Massive Rs 257 bln state revenue loss in tax breaks
Sri Lanka is estimated to have forgone a massive Rs. 257 billion in state revenue owing to numerous corporate tax and customs duty exemptions given to investors since the economy was opened up in the late 1970s, the Board of Investment chairman Saliya Wickramasuriya said.

This indicates a cost of some Rs 233,000 per employment opportunity, he said giving a cost-benefit analysis of investment while delivering the annual oration on taxation organized by the faculty of taxation of the Institute of Chartered Accountants of Sri Lanka recently.

The true total cost can be much higher since the apparent total cost of incentives, Rs 257 billion, assumes no tax evasion or leakage. "We all know that this is hardly the case. I therefore appeal to the financial community to be vigilant and take action." It is widely acknowledged that much of the local investment would have taken place without tax incentives in place.

"This simply means that we have rewarded investors at cost to state, and unconfirmed benefit to the end-users," Wickramasuriya said. "To make matters worse, the qualifying companies were typically larger organizations, and the benefits denied the smaller players allowed them to grow even more.
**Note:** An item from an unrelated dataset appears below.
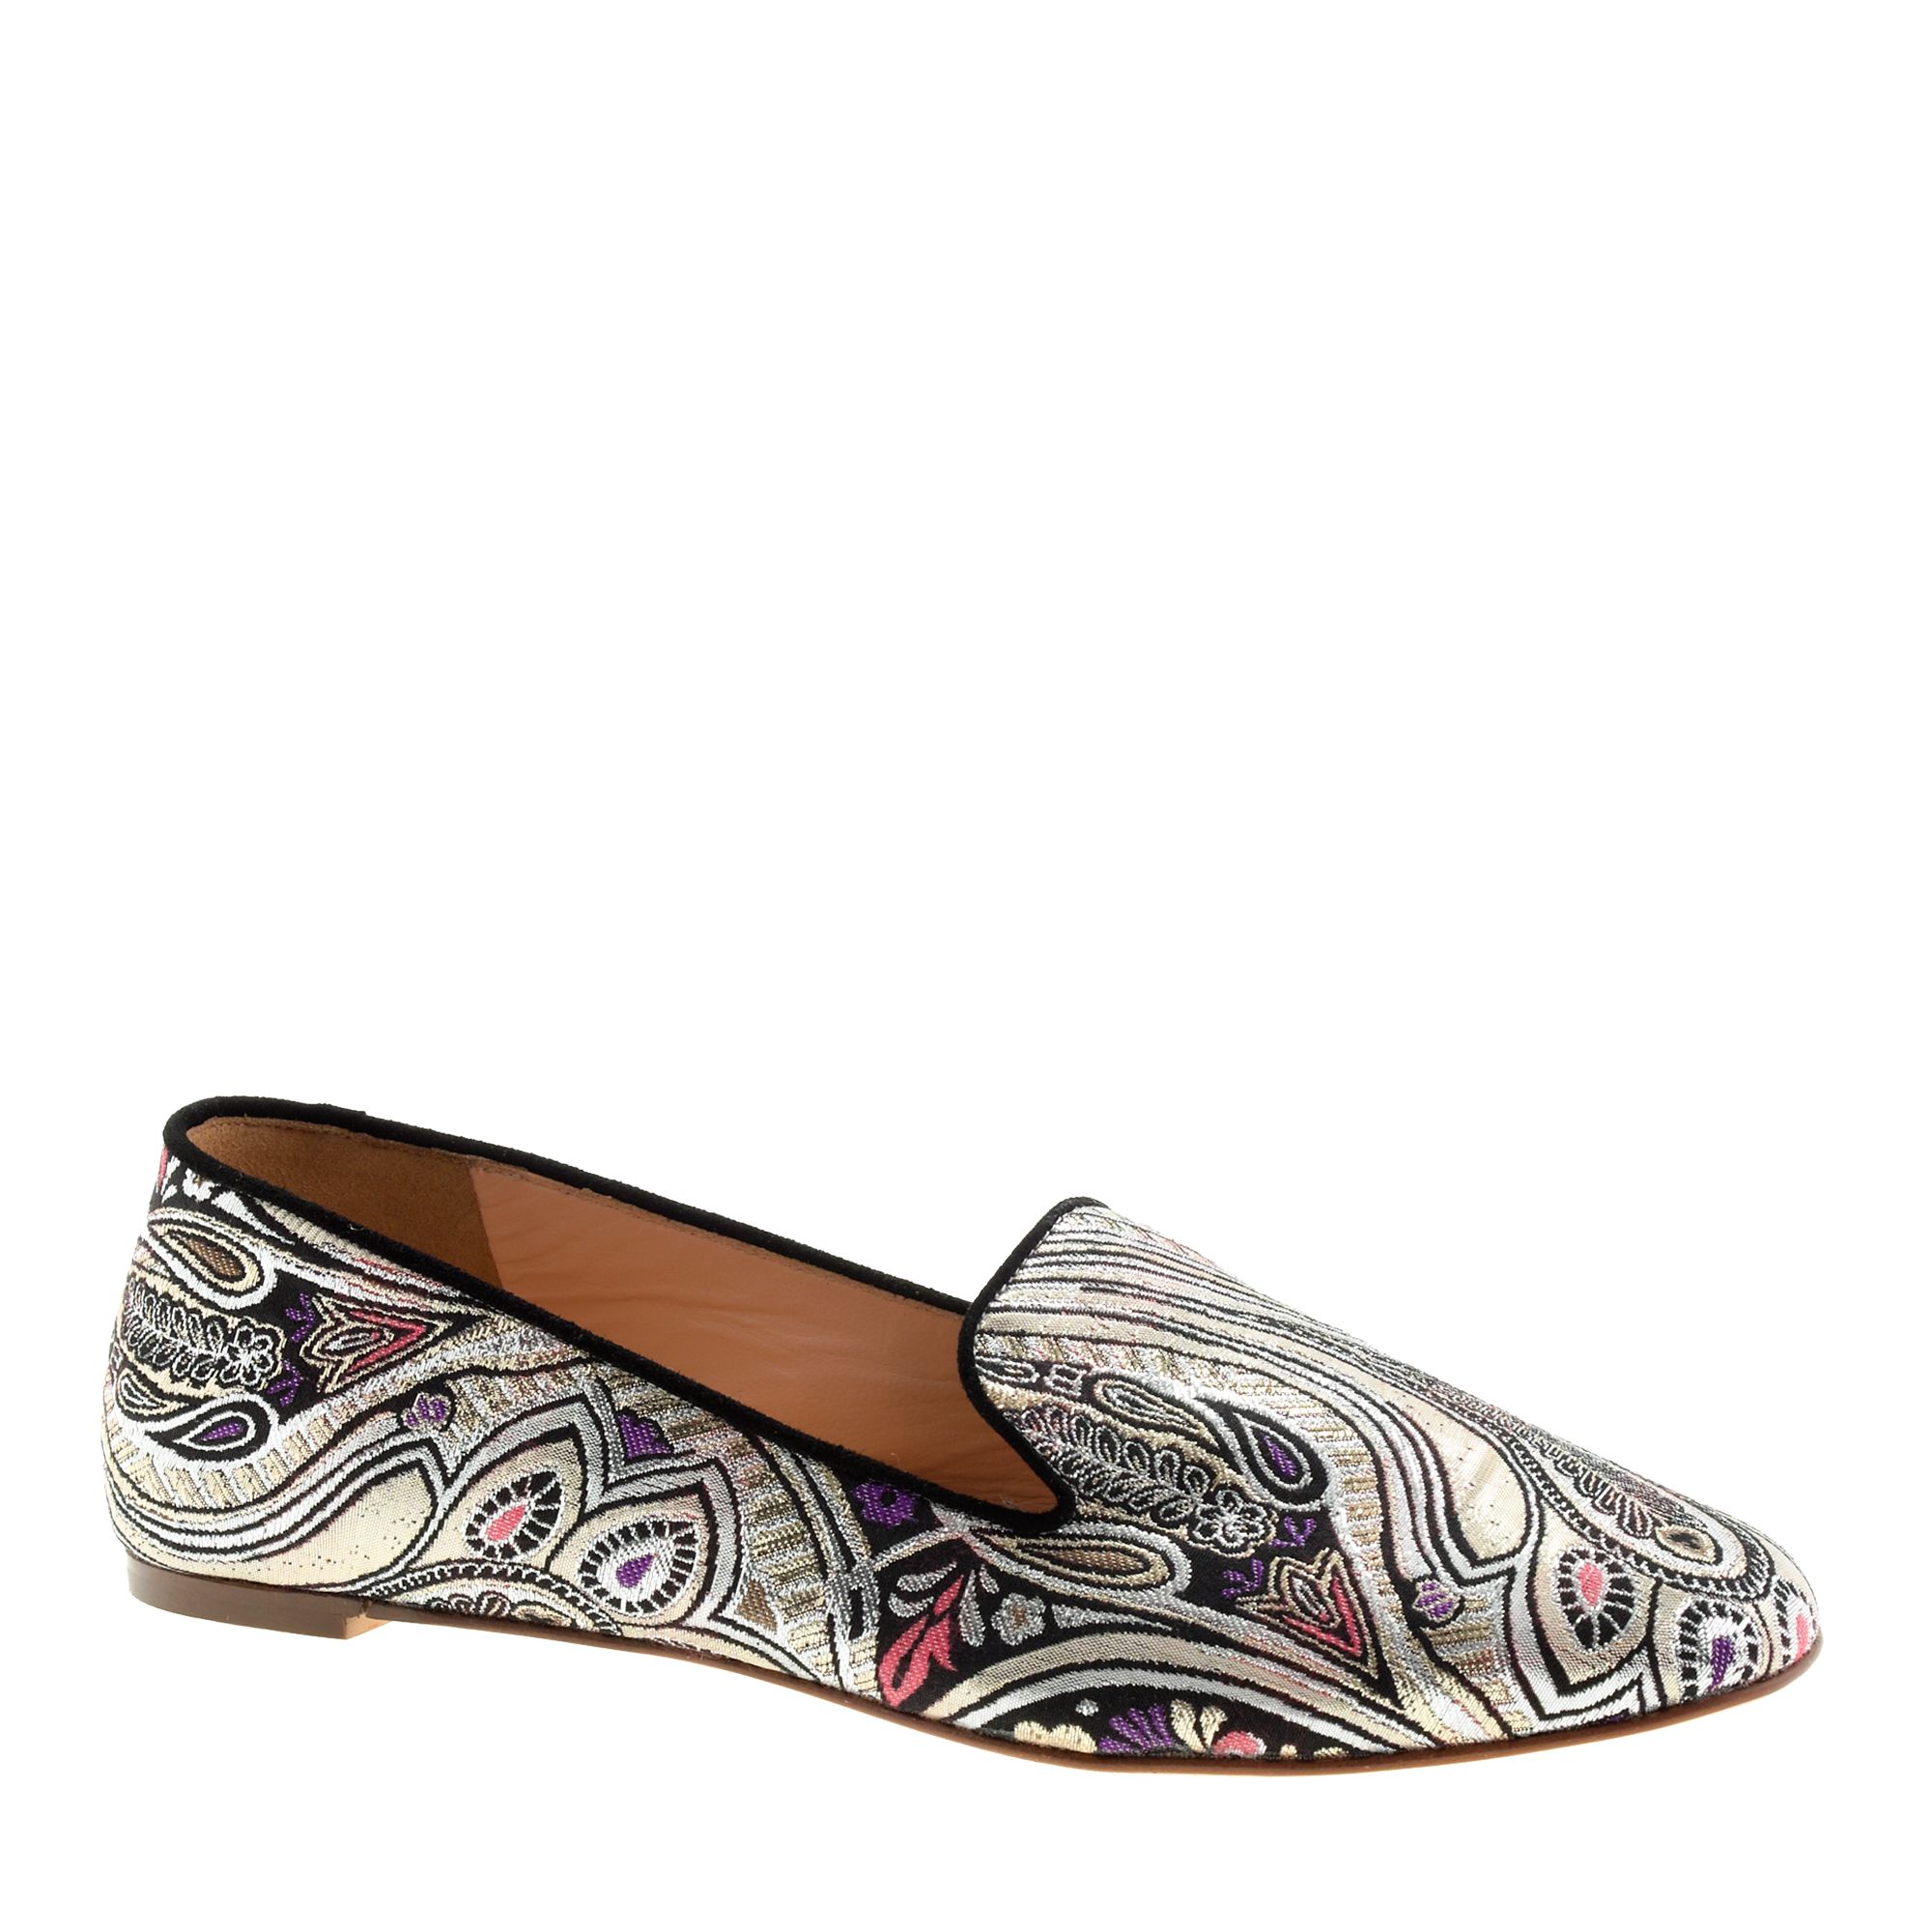 Lyst - J.Crew Darby Paisley Loafers in Black

An unnatural state of affairs in a nation where more than half of its GDP comes from more than 125,000 small and medium enterprises."

The BOI currently has 1,695 commercially active projects, exporting nearly US$2.5 billion a year, amounting to just over half of Sri Lanka's exports, and providing employment for 434,000 direct, and 651,000 indirect workers. Cumulative exports from 1978 to 2003 amount to Rs 2.25 trillion, in order to do which Rs 1.67 trillion worth of capital goods and raw material were imported, Wickramasuriya said.

The cumulative FDI realized to effect the above business is Rs 186 billion equivalent, which when combined with Rs 91 billion of local investment, totals Rs 277 billion. "We have analyzed the structure of our current tax incentives and found them to be wanting in both the areas of local investment promotion and FDI quality," Wickramasuriya said. "We have realized that the revenue losses to state they cause may be unsustainable for long-term economic growth, and have recognized the need to revise both the type and application of tax incentives offered if we are to achieve our development goals."

A regional comparison of economies in terms of their corporate income tax regime, revenue collection, and attracted investment shows that Sri Lanka is the worst performer by a good margin in terms of both revenue to GDP and efficiency ratio (defined as revenue to GDP divided by the standard tax rate, expressed as a percentage).

The countries sampled include Sri Lanka, Singapore, India, Indonesia, Malaysia, Philippines, Thailand and Vietnam. "The above discussion leads us to the clear conclusion that the general fiscal incentive regime Sri Lanka has practiced over the years may not have been in our best long-term interests," Wickramasuriya said. "We therefore need to use the benefit of hindsight to make the necessary rationalization."

Much study has been done to recommend different methods of tax incentives other than straight corporate income tax holidays and blanket duty exemption, and these should be evaluated carefully for the correct mix, possibly on a time variant sector-by-sector basis, he said.

Wickramasuriya also said Sri Lanka could consider "tax shifting" - lowering income taxes while raising taxes on environmentally or socially destructive activities. "This forces the market to tell the truth, and reflects the indirect cost to society of an economic activity," he said. "For example, a tax on coal would incorporate the increased healthcare costs associated with breathing polluted air, the costs of damage from acid rain, and the costs of climate disruption and ground water pollution."

Environmental tax reform is spreading, along with other forms of tax like congestion tax, Wickramasuriya said. "Introduced effectively by Singapore decades ago, London implemented it in early 2003. Since then, traffic in the city has been reduced by 24 percent, permitting freer flow, less pollution, and more revenue from public transportation mechanisms."

Other forms of such taxes include a stumpage tax in Bulgaria and Lithuania where anyone wishing to cut a tree would have to pay a tax equal to the value of services provided by the tree. "This will force the market to decide, as forest services may be worth many times more than the timber or pulp, which will in turn encourage wood and paper recycling."